• [Records provided]:
═══
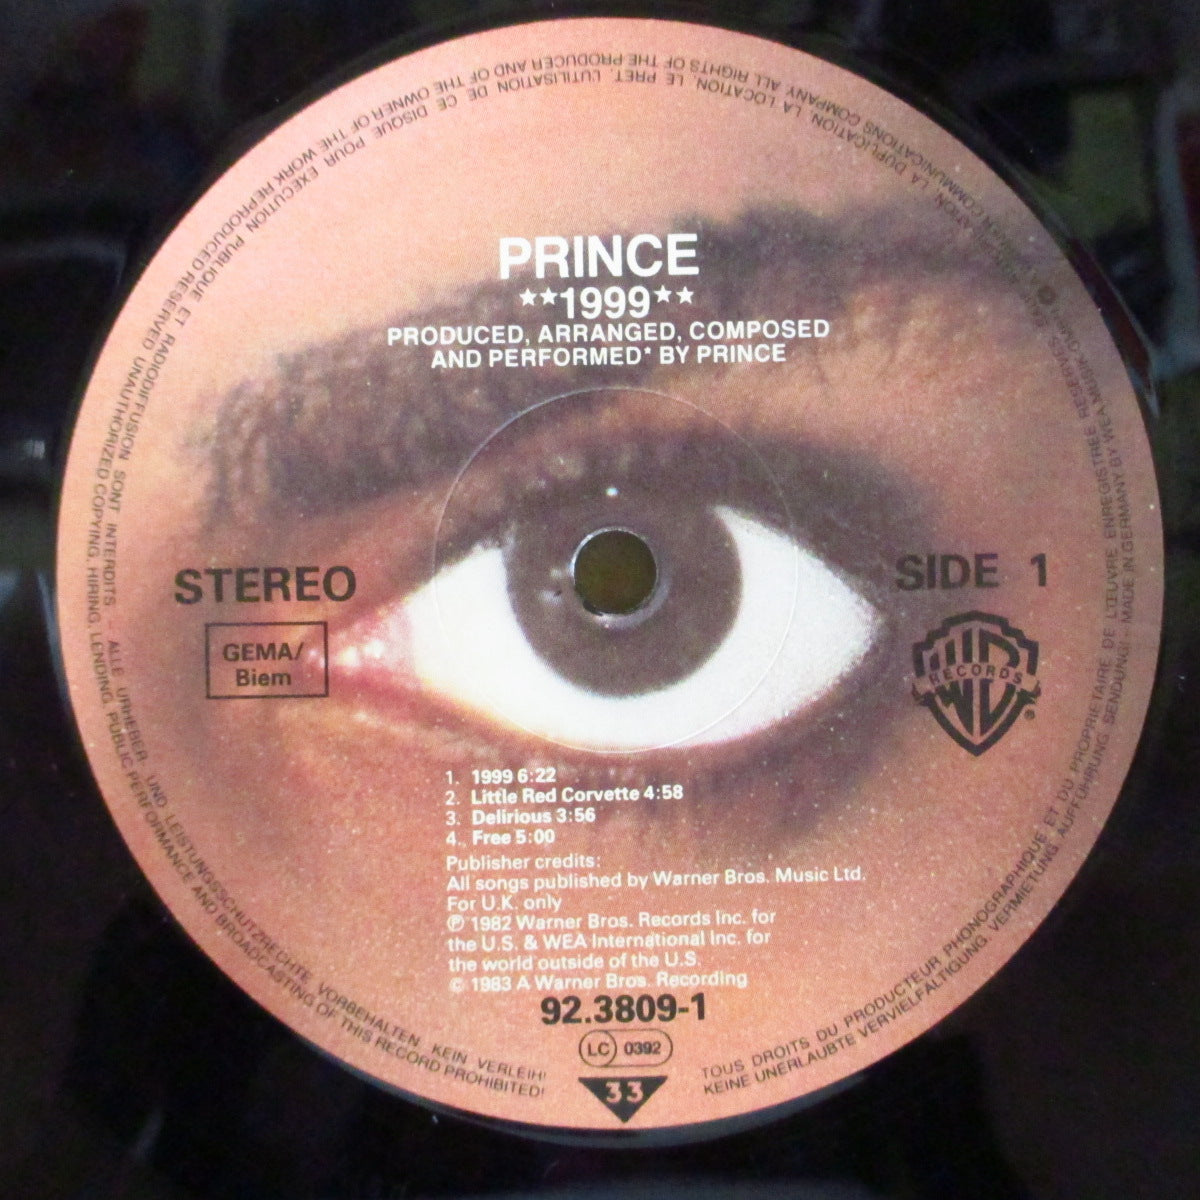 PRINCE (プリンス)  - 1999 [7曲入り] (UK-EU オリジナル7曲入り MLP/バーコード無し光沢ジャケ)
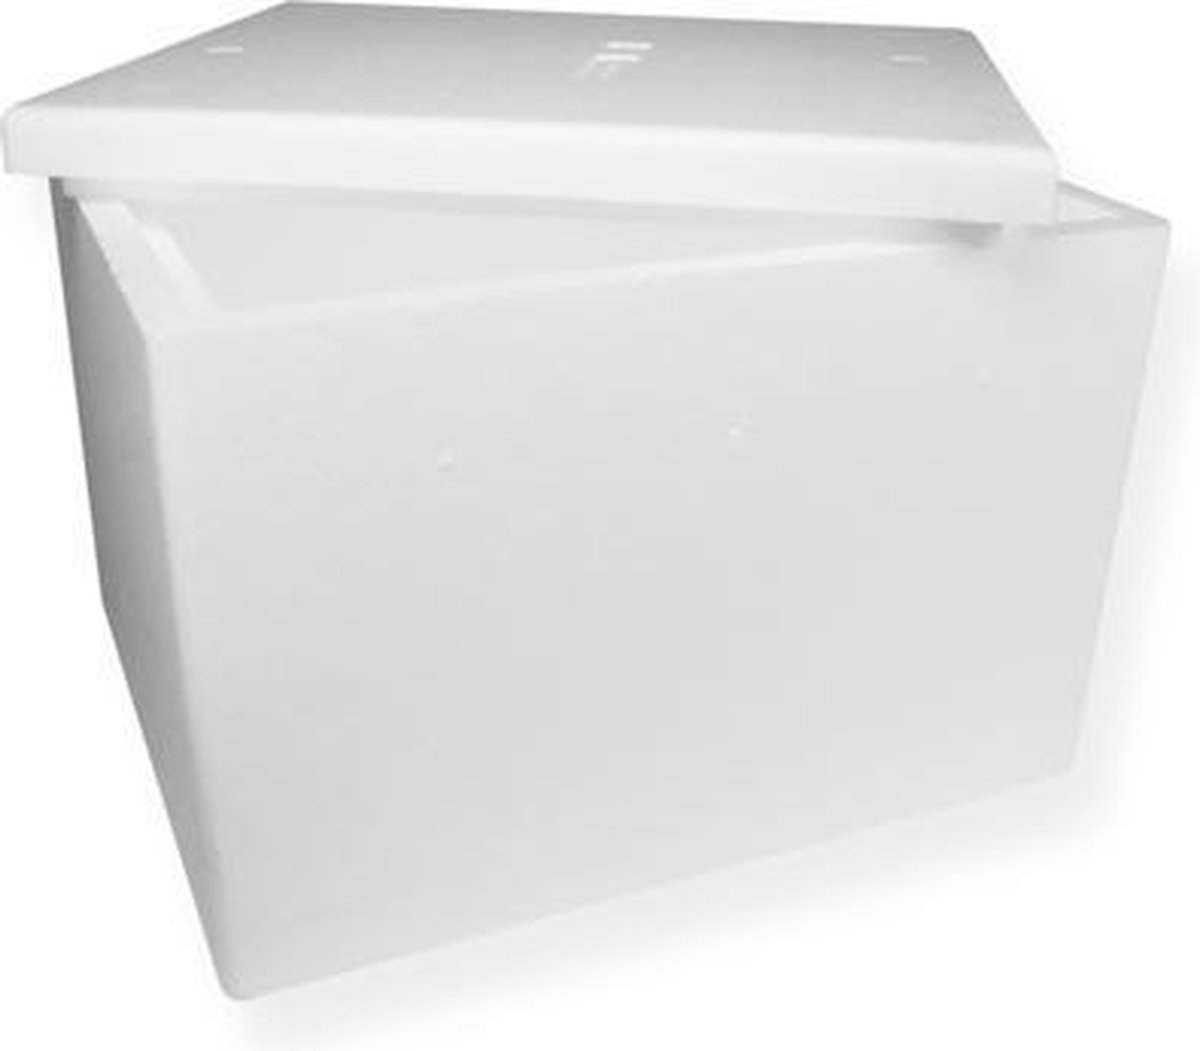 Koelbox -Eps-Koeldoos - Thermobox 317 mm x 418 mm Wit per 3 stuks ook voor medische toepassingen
═══
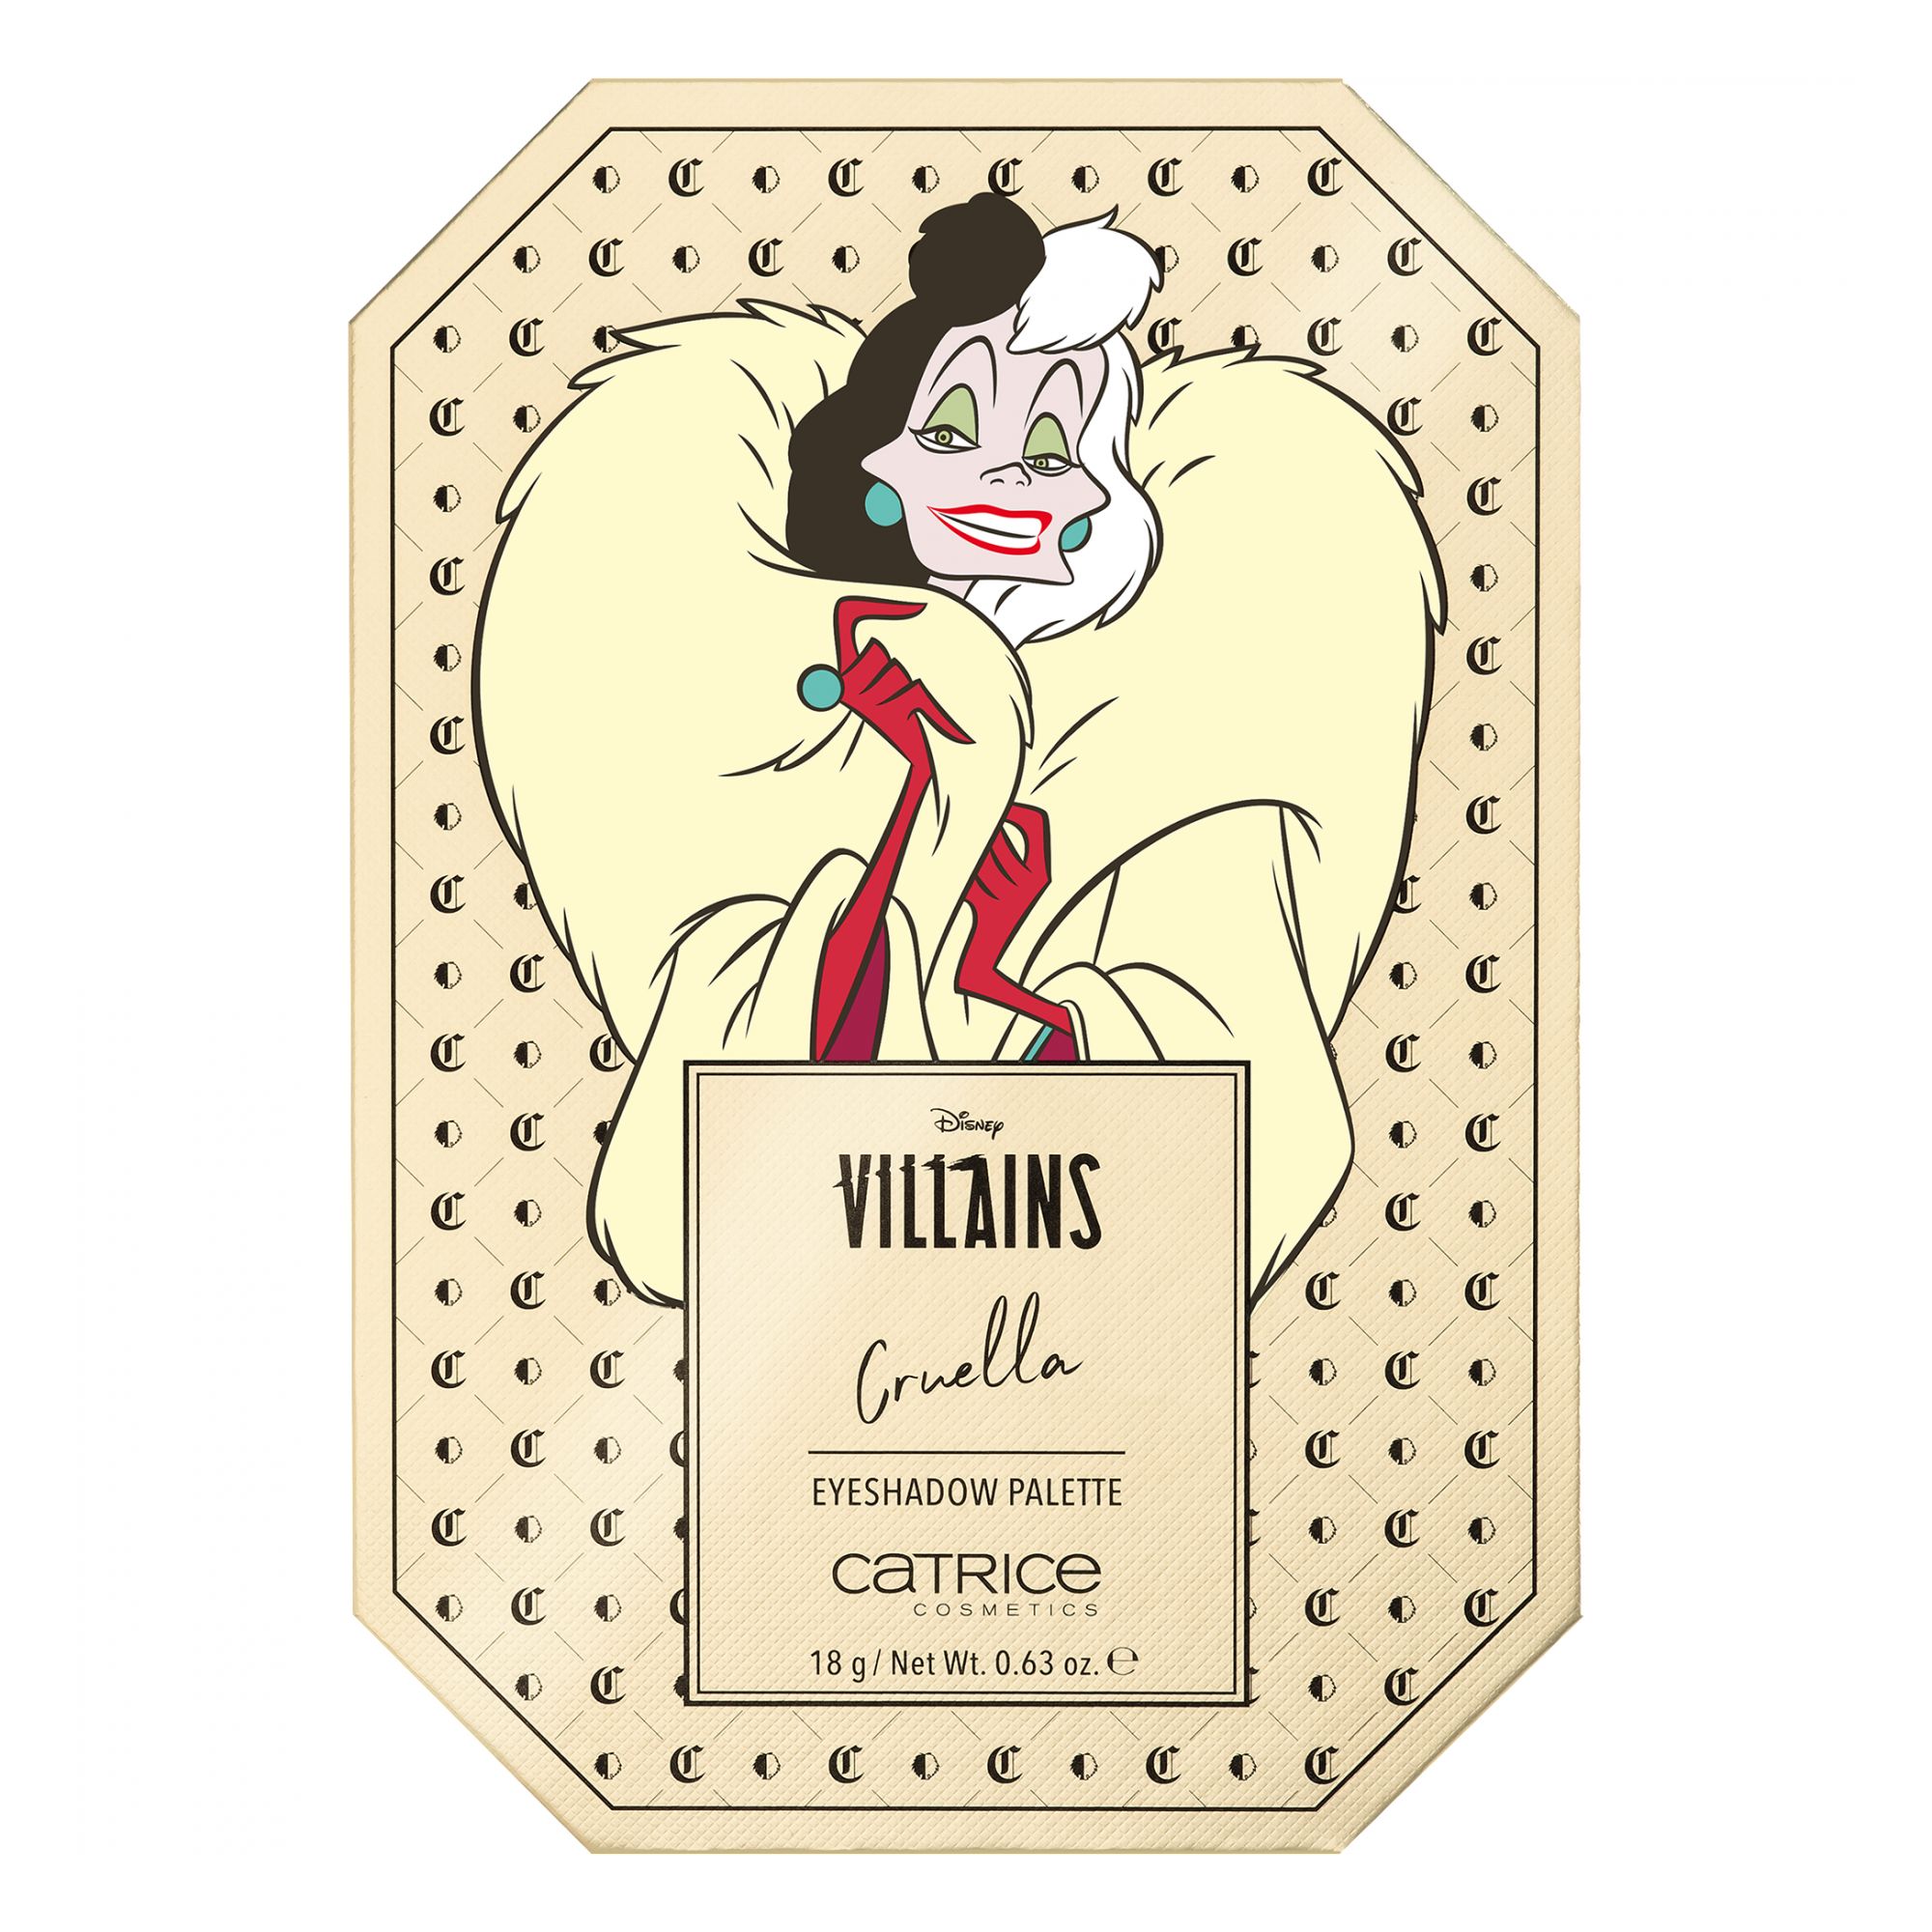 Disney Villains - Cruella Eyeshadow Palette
═══
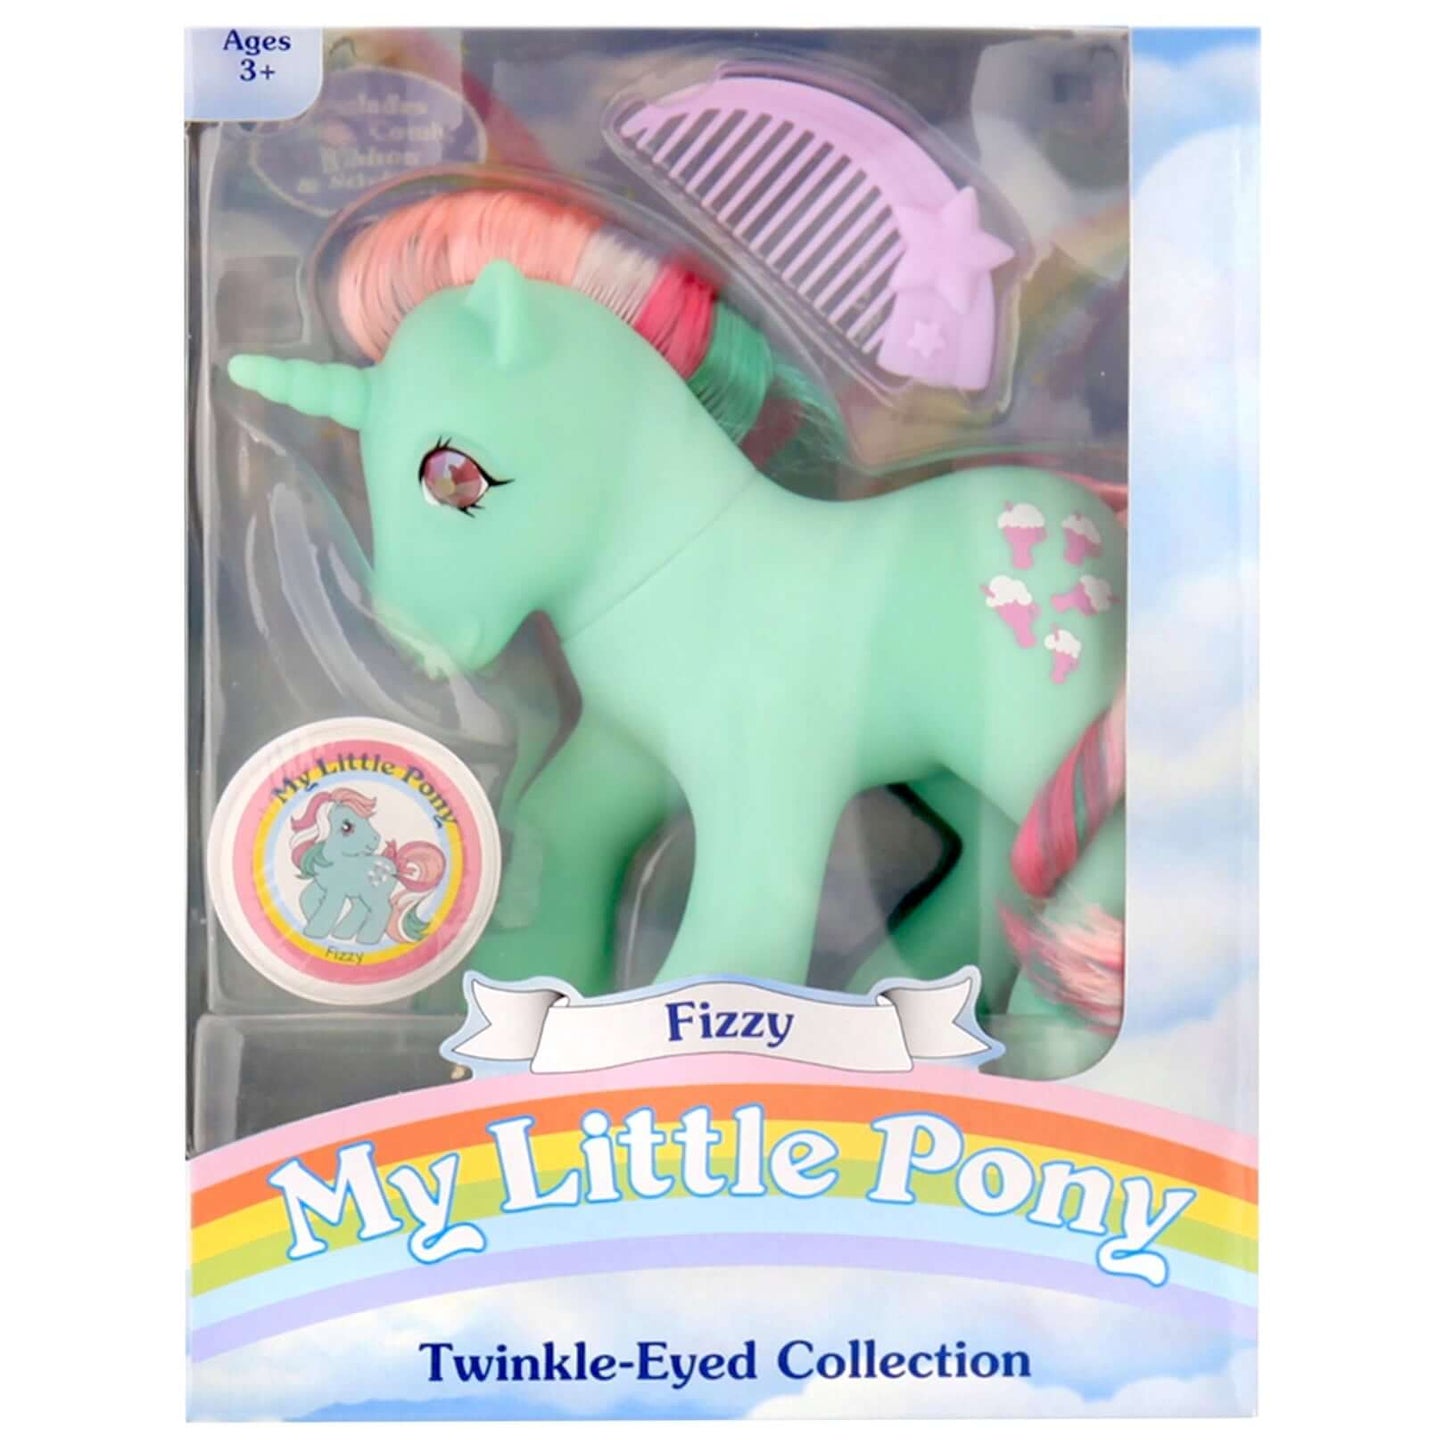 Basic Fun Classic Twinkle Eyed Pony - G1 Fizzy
═══
• [Instructions to follow]:
Using the listing above, restate exactly the range between the lines holding "(UK-EU オリジナル7曲入り MLP/バーコード無し光沢ジャケ)" and "Koelbox -Eps-Koeldoos - Thermobox", inclusive, with pictures left out.

• [Answer for this exercise]:
 PRINCE (プリンス)  - 1999 [7曲入り] (UK-EU オリジナル7曲入り MLP/バーコード無し光沢ジャケ)
 Koelbox -Eps-Koeldoos - Thermobox 317 mm x 418 mm Wit per 3 stuks ook voor medische toepassingen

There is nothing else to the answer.